In the modern West, and paganism in general, the plight of manhood can be about conquest through sex, violence, and self-accomplishment, but it almost always includes the throwing off of the father’s authority. In the Bible, the plight of manhood is about conquest through fatherhood. Hence, the son does not leave the domain of the household in which he serves his family to serve himself, but to serve his own household that continues the one from which he came.

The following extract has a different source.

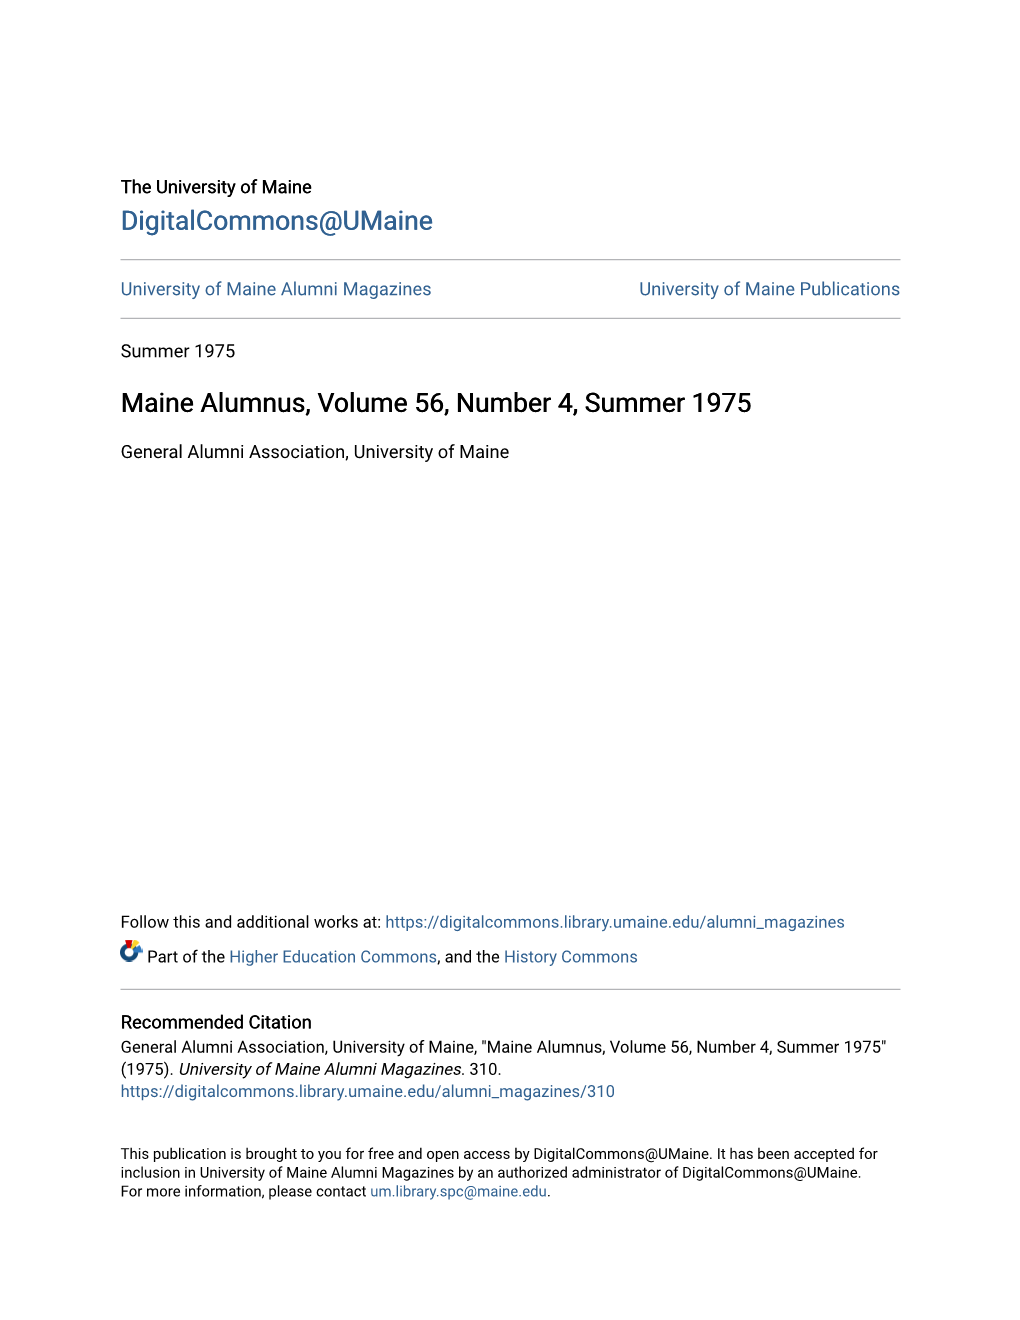 Maine Alumnus, Volume 56, Number 4, Summer 1975

It is not merely a coincidence that a culture that sees the biblical father as a tyrant has abandoned the biblical model for the pagan one; nor is it a coincidence that a church that assumes the culture as the final authority to set familial norms rejects it as well. But wisdom is vindicated by her children, and rotten fruit comes from rotten trees. The one who takes such a fire in his bosom will not go unscathed, and if anyone cannot see the good and truth in what I have said above, may he be convinced instead by all of the burn victims around him. What is true begets what is good in those who have been regenerated, and what is false begets what is chaotic even in those who have been regenerated. Let, therefore, both cultures cry out loudly to us in their fruit. Let us compare biblical culture with modern Western culture and let it be the boast with which each makes their case. It is clear to me by its fruit alone, the West has failed to make a good one.